This data-driven scheme requires no program counter, and no control
sequencer. However, it requires special mechanisms to detect data availability,
to match data tokens with needy instructions, and to enable the chain reaction
of asynchronous instruction executions. No memory sharing between
instructions results in no side effects.
The global architecture consists of n processing elements (PEs) interconnected
by an n x n muting network. The entire system supports pipelined dataflow
operations in all n PEs. Inter-PE communications are done through the
pipelined routing network.
Q8. Explain in detail about program flow mechanism.
Ans: Program flow mechanisms refer to the various methods and strategies
employed to control the sequence of execution of instructions in a computer
system. They determine how a program’s control moves from one instruction
to another and ensure that computations occur in the correct order,
respecting dependencies and achieving the desired output.
The main program flow mechanisms are:
Control-Driven Mechanism
Data-Driven Mechanism
Demand-Driven Mechanism
1. Control-Driven Mechanism
Conventional computers are based on a control flow mechanism by
which the order of program execution is explicitly stated in the user
programs. A program counter keeps track of the current instruction.
Instructions are executed sequentially unless a control flow instruction
(e.g., jump, call) changes the PC. Here sequential execution is default.
Flow control uses constructs like loops, conditionals, and jumps.
2. Data-Driven Mechanism
Dataflow computers are based on a data-driven mechanism which allows
the execution of any instruction to be driven by data (operand)
availability. Dataflow computers emphasize a high degree of parallelism
at the fine-grain instructional level.
Instructions are "enabled" for execution when their input data
(operands) are available.
Tokens carrying data are passed between instructions, and execution
proceeds asynchronously.
No program counter or central control mechanism.
3. Demand-Driven Mechanism:
Reduction computers are based on a demand-driven mechanism which
initiates an operation based on the demand for its results by other
computations.
Also known as lazy evaluation, it executes instructions only when their
results are required by another part of the program. Execution starts
from the final output requirement.
Instructions are triggered in reverse order of dependency.
Avoids unnecessary computation by focusing only on required results.
Execution is guided by demand propagation.
Q9. Explain bell’s taxonomy of MIMD computers
Ans: Parallel computers appear as either SIMD or MIMD configurations. The
SLMD-s appeal more to special purpose applications. it is clear that SIMD’s are
not size scalable. but unclear whether large SIMD’s are generation-scalable.

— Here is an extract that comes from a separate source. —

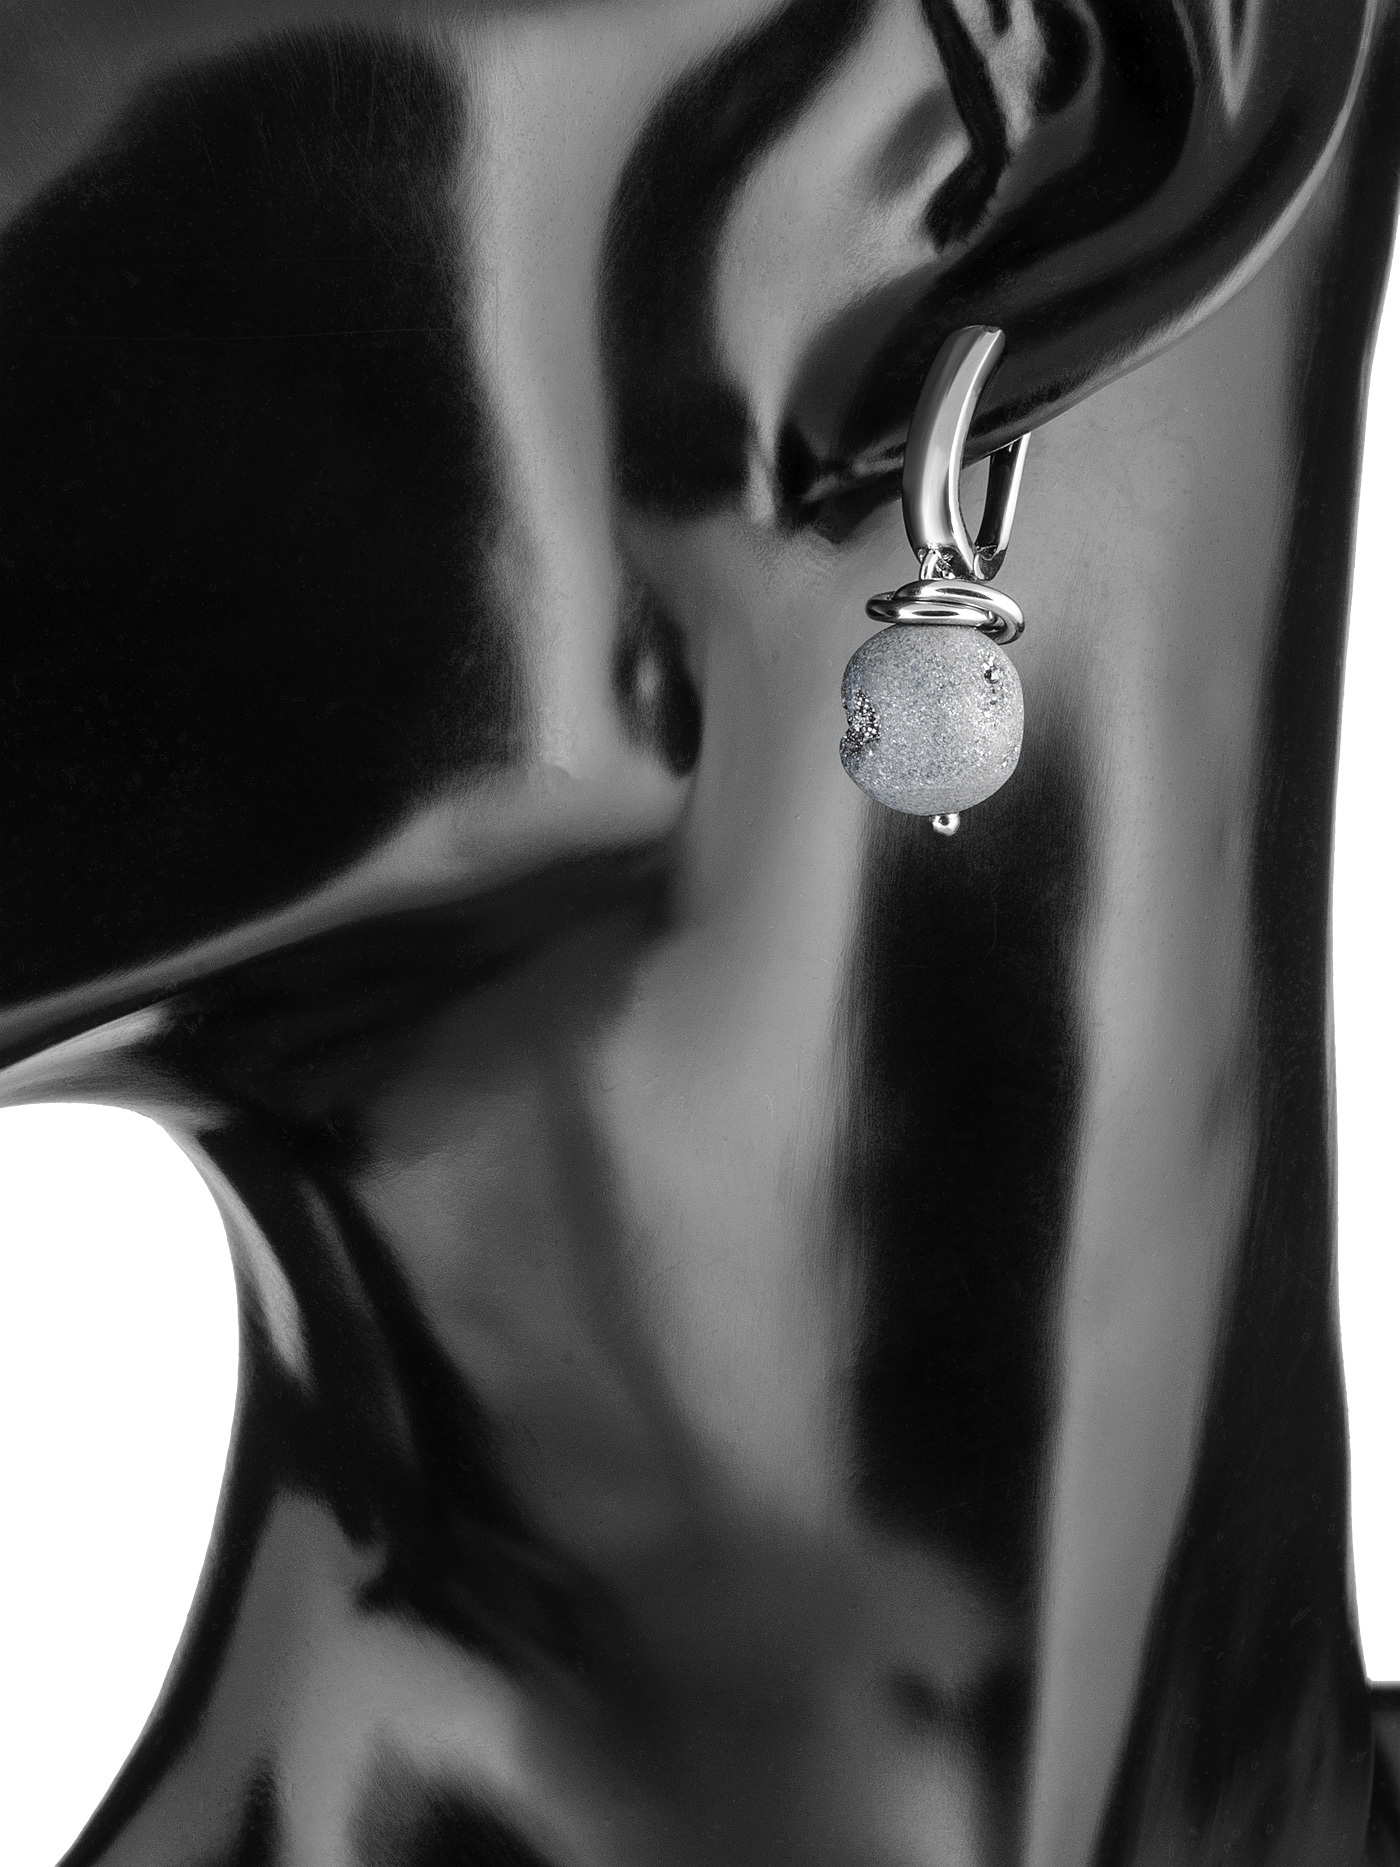 Асимметричные непарные дизайнерские серьги с натуральными камнями - серым агатом

The fact that CM-5 had an MIMD architecture, away from the SIMD
architecture in CM -Z, represents the architectural trend. Furthermore, the
boundary between multi-processors and multi-computers has become blurred
in recent years.
The architectural trend for general-purpose parallel computers is in favor of
MTMD configurations with various memory configurations. Gordon Bell (1992)
has provided a taxonomy of MIMD machines, shown in Fig. He considers
shared-memory multiprocessors as having a single address space. Scalable
multiprocessors or multi-computers must use distributed memory.
Multiprocessors using centrally shared memory have limited scalability.
Multi-computers use distributed memories with multiple address spaces. They
are scalable with distributed memory. The evolution of fast LAN (local area
network]- connected workstations has created “commodity supercomputing”.
Bell was the first to advocate high-speed workstation clusters interconnected
by highspeed switches in lieu of special-purpose multi-computers. The C M-5
development was an early move in that direction.
NOTE: CAN ALSO REFER SPECTRUM Q20.
Q10. Explain system interconnect architectures.
Ans: System Interconnect Architectures refer to the frameworks used to
connect the various components of a computer system, like processors,
memory, and input/output devices. These architectures can be broadly
categorized into Static Interconnection and Dynamic Interconnection based on
their structure and flexibility.
1.Static Interconnection Architectures:
Static networks are created point-to-point direct connections which will not
alter during execution. Which means Static interconnection systems have fixed
pathways for communication between components. These pathways do not
change during the system's operation. They are faster and simpler.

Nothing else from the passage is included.